Cette affaire est devenue emblématique de la violence dans les banlieues françaises et du regain d'antisémitisme que la communauté juive française dénonce depuis l'aggravation du conflit en Israël au début des années 2000. Youssouf Fofana et 26 complices présumés comparaissent depuis mercredi pour le rapt et l'assassinat en février 2006 d'Ilan Halimi, jeune Français juif. Deux accusées mineures au moment des faits devaient demander une audience à huis clos, ce qui devrait légalement être suivi (lire l'encadré plus bas), malgré l'opposition de la famille Halimi. "C'est la loi du silence qui a tué son fils. Il serait intolérable qu'elle s'impose encore aux assises", a ainsi déclaré Maître Francis Szpiner, son avocat. Les auditions de 162 témoins et 50 experts sont programmées au cours de deux mois et demi de procès, jusqu'au 10 juillet.

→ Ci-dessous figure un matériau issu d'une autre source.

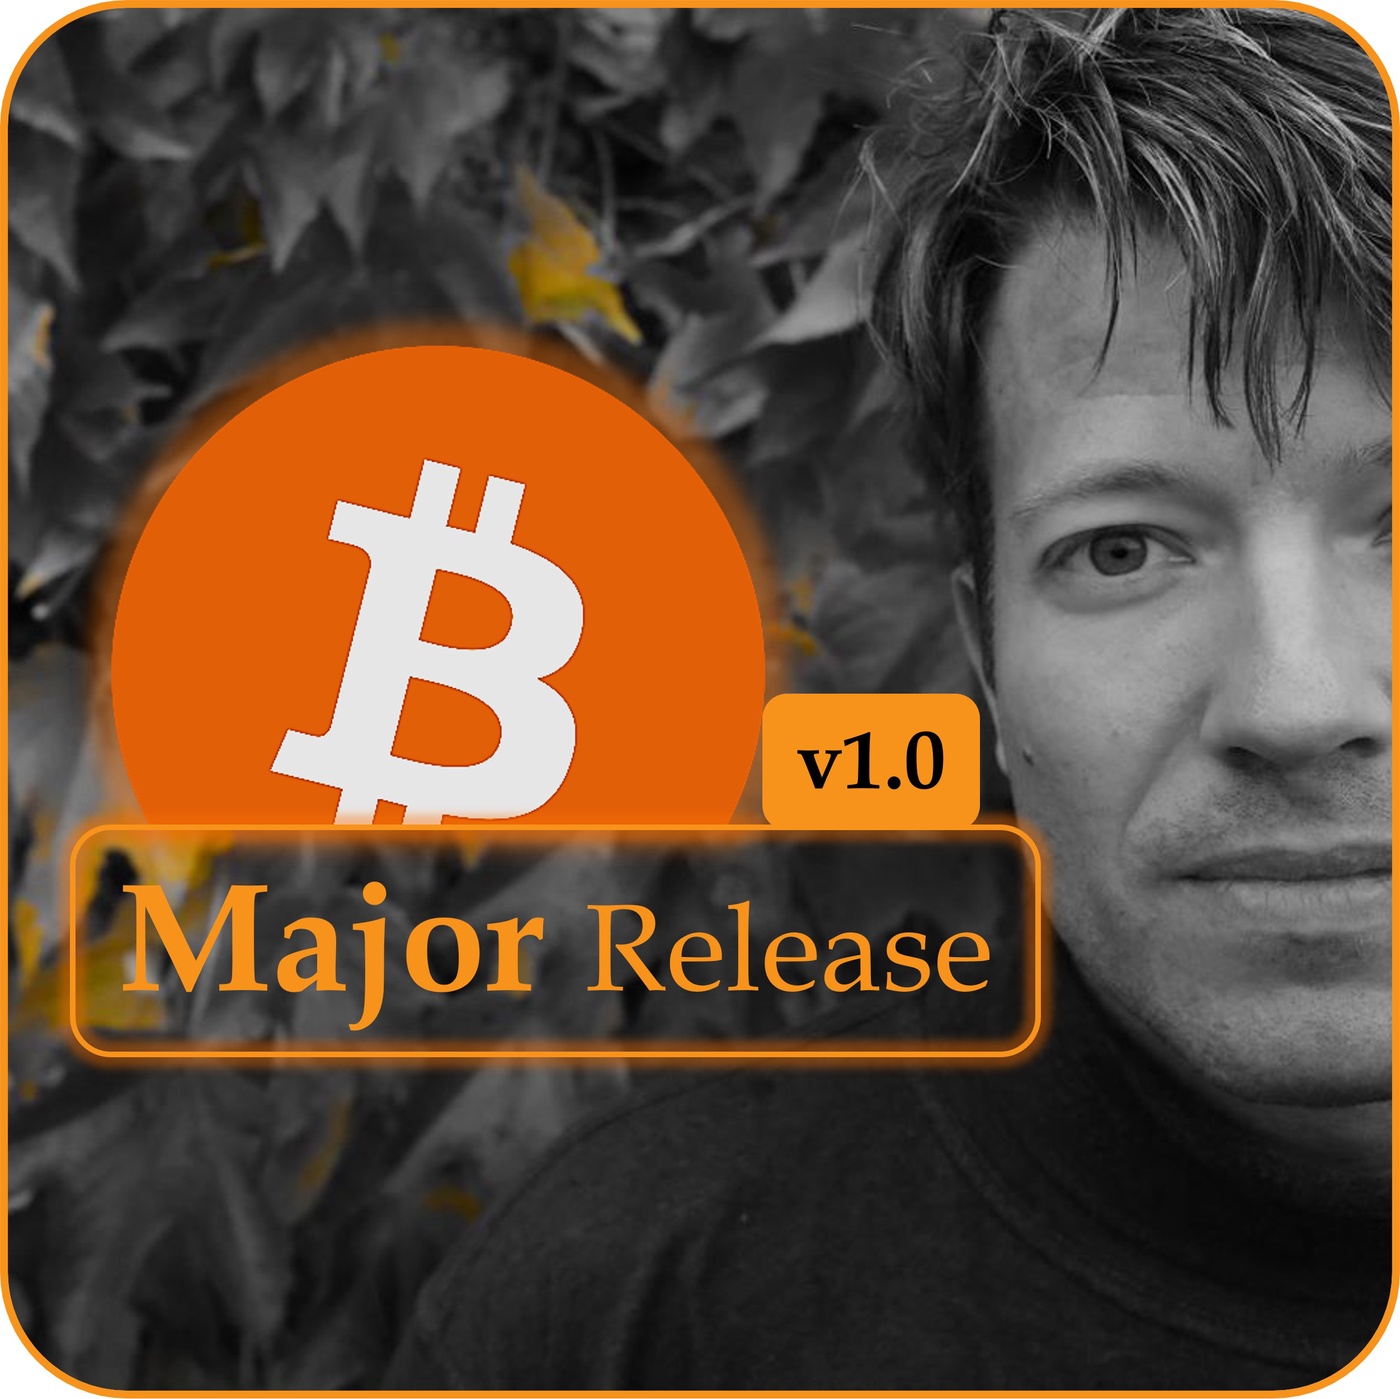 Major Release (v1.0)

"Gang des barbares" : quand l'appât fait tomber un directeur de prison
Le directeur de la maison d'arrêt pour femmes de Versailles a été mis en examen pour avoir fait bénéficier d'un traitement de faveur à la jeune femme condamnée pour avoir servi d'appât dans l'affaire du "gang des barbares", selon le Parisien.
Publié le 13/01/2011
Ilan Halimi, 23 ans, avait été enlevé le 20 janvier 2006 à Sceaux, où il avait été attiré dans un guet-apens par une jeune fille servant d'"appât". Après de vaines négociations avec sa famille pour une demande de rançon de 450.000 euros et une séquestration très violente de trois semaines émaillée de tortures et de sévices dans une cave d'immeuble, il avait été retrouvé agonisant le 13 février près d'une gare de l'Essonne. Il est mort à l'hôpital. La mère de la victime a écrit avant le procès un livre intitulé "24 jours", où elle critique la police. Selon elle, elle a mal conduit l'enquête en niant l'antisémitisme des ravisseurs et leurs intentions criminelles, et a manqué plusieurs occasions de démasquer les ravisseurs.
Extradé de Côte d'Ivoire
La personnalité de Youssouf Fofana, 28 ans, Français d'origine ivoirienne, est au centre de ce dossier. Il est considéré comme le chef du gang, l'instigateur de l'enlèvement et l'auteur unique de l'assassinat, commis à coups de couteau. Poursuivi pour "enlèvement, séquestration en bande organisée avec actes de tortures et de barbarie, assassinat", il reconnaît l'ensemble des faits mais nie avoir tué le jeune homme. Il encourt la réclusion à perpétuité. Après la mort d'Ilan Halimi, il a téléphoné au père et à l'amie de la victime pour les menacer de mort, depuis la Côte d'Ivoire où il avait fui. Il y a été finalement arrêté puis a été extradé vers Paris le 4 mars 2006. Il sera aussi jugé pour cinq autres tentatives d'enlèvements infructueuses ayant précédé l'affaire Halimi.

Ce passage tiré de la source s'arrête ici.